Discussion/Conclusion

Prospective evidence supporting the safety and efficacy of C-ion RT for HCC is still lacking to date. This study confirmed that short-course C-ion RT using 4 fractions is a safe treatment with a high LC rate for HCC in the prospective setting. Further, our data showed that C-ion RT had minimal adverse impact on liver function. Although the study population was relatively small, the sample size was statistically designed with the goal of becoming a rational for randomized controlled trial comparing C-ion RT with standard therapies in patients with HCC not amenable to surgery and RFA. To our knowledge, no previous studies designed for same purpose have been reported.

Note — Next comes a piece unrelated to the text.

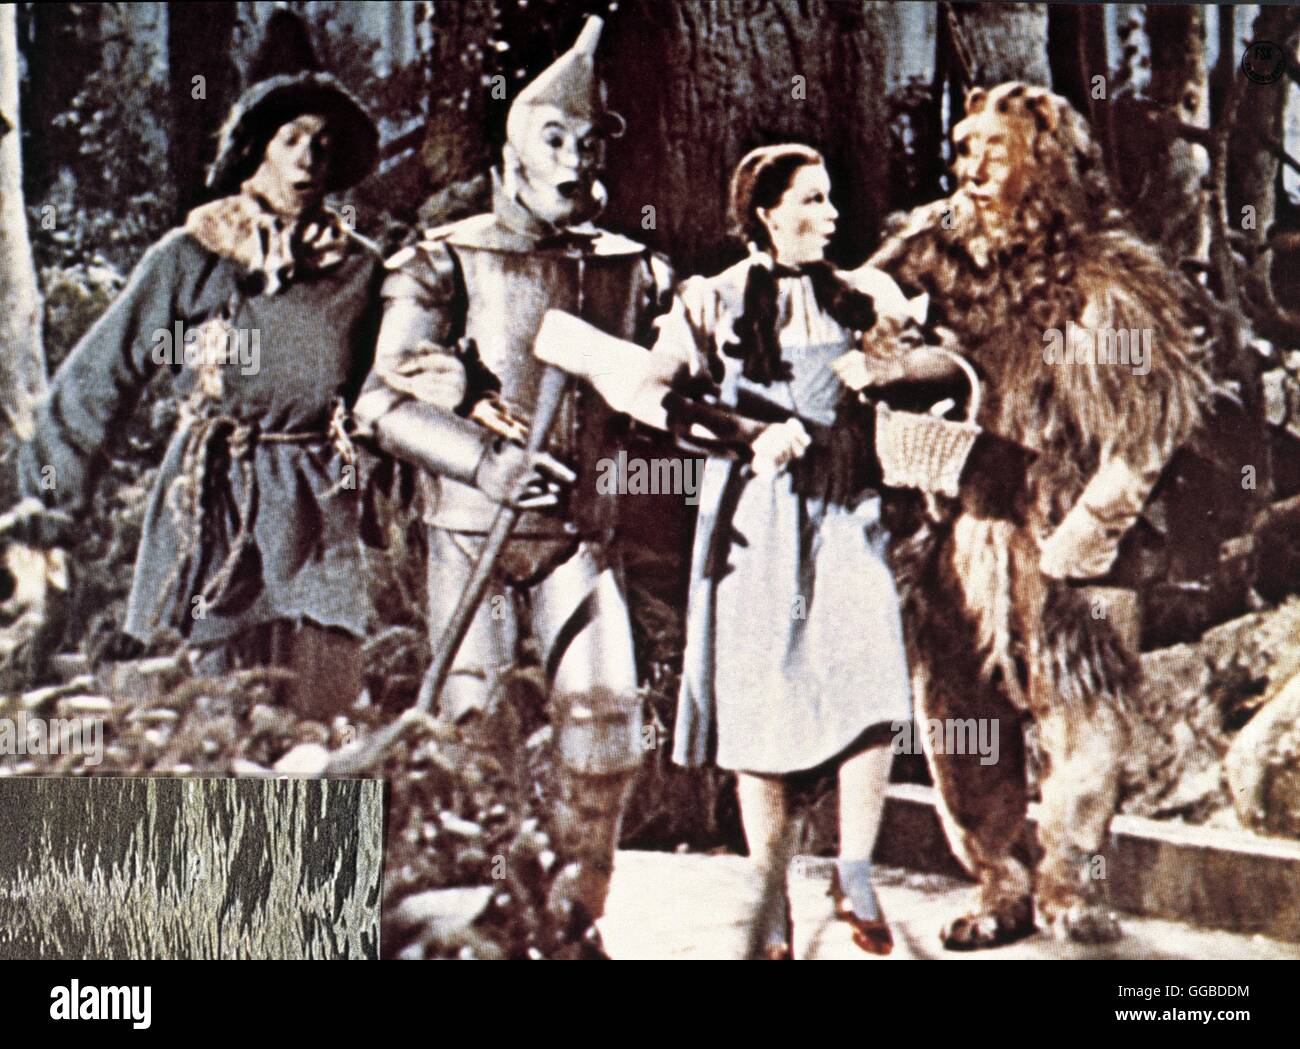 THE WIZZARD OF OZ USA 1939 Hunk the Scare Crow (RAY BOLGER), Hickory the Tin Man (JACK HALEY), Dorothy (JUDY GARLAND), Zeke the Cowardly Lion (BERT LAHR) Stock Photo

C-ion RT for HCC was initiated in 1995 at the Hospital of the National Institute of Radiological Sciences (NIRS) in Japan, and the results of the first prospective study were reported by Kato et al. [26]. Kasuya et al. [25] recently analyzed data from 2 prospective trials that used 12, 8, or 4 fractions C-ion RT at NIRS and reported promising outcomes. The 3-year LC and OS rates were 91.4% and 50%, respectively [25]. In these studies, equivalent doses in 2 Gy fractions (α/β = 10 Gy) ranged from 65.3 to 102.1 Gy, which were less than or equivalent to those of this study (102.1–125.0 Gy). Shibuya et al. [9] reported the results of hypofractionated C-ion RT for HCC in a multicenter retrospective setting. The 3-year LC and OS rates were 81.0% and 73.3%, respectively [9]. The outcomes related to effectiveness, such as LC and OS rates in this study, were consistent with these previous studies. The treatment response could not be sufficiently confirmed on the follow-up images for both RECIST and mRECIST as early as 3 months after C-ion RT, and it was considered that it would take at least 6 months to determine the objective response. In RECIST, most cases did not develop CR even after 12 months. Conversely, in mRECIST, the in-field CR and ORR rates at 12 months were 82.1% and 96.4%, respectively, and CR was achieved in 90% of cases within the entire observation period. Two of the 3 patients whose best response was PR on the mRECIST criteria showed no local recurrence at the 52- and 88-month follow-up. One patient was not evaluated with contrast medium after 12 months due to poor renal function. In the other patient with PR, a tiny early-enhancement in the irradiation field was observed; it did not increase in size for 88 months. In 1 patient whose best response was SD, local recurrence was confirmed by biopsy, which was performed based on a slightly increased contrast enhancement and tumor size 22 months after C-ion RT. Two patients with PR had survived at the end of the follow-up periods, and 1 patient who experienced local recurrence died due to HCC progression 55 months after C-ion RT. These findings are consistent with the high LC rate of C-ion RT. Understanding this delayed response appeared to be important for avoiding excessive treatment and managing HCC appropriately.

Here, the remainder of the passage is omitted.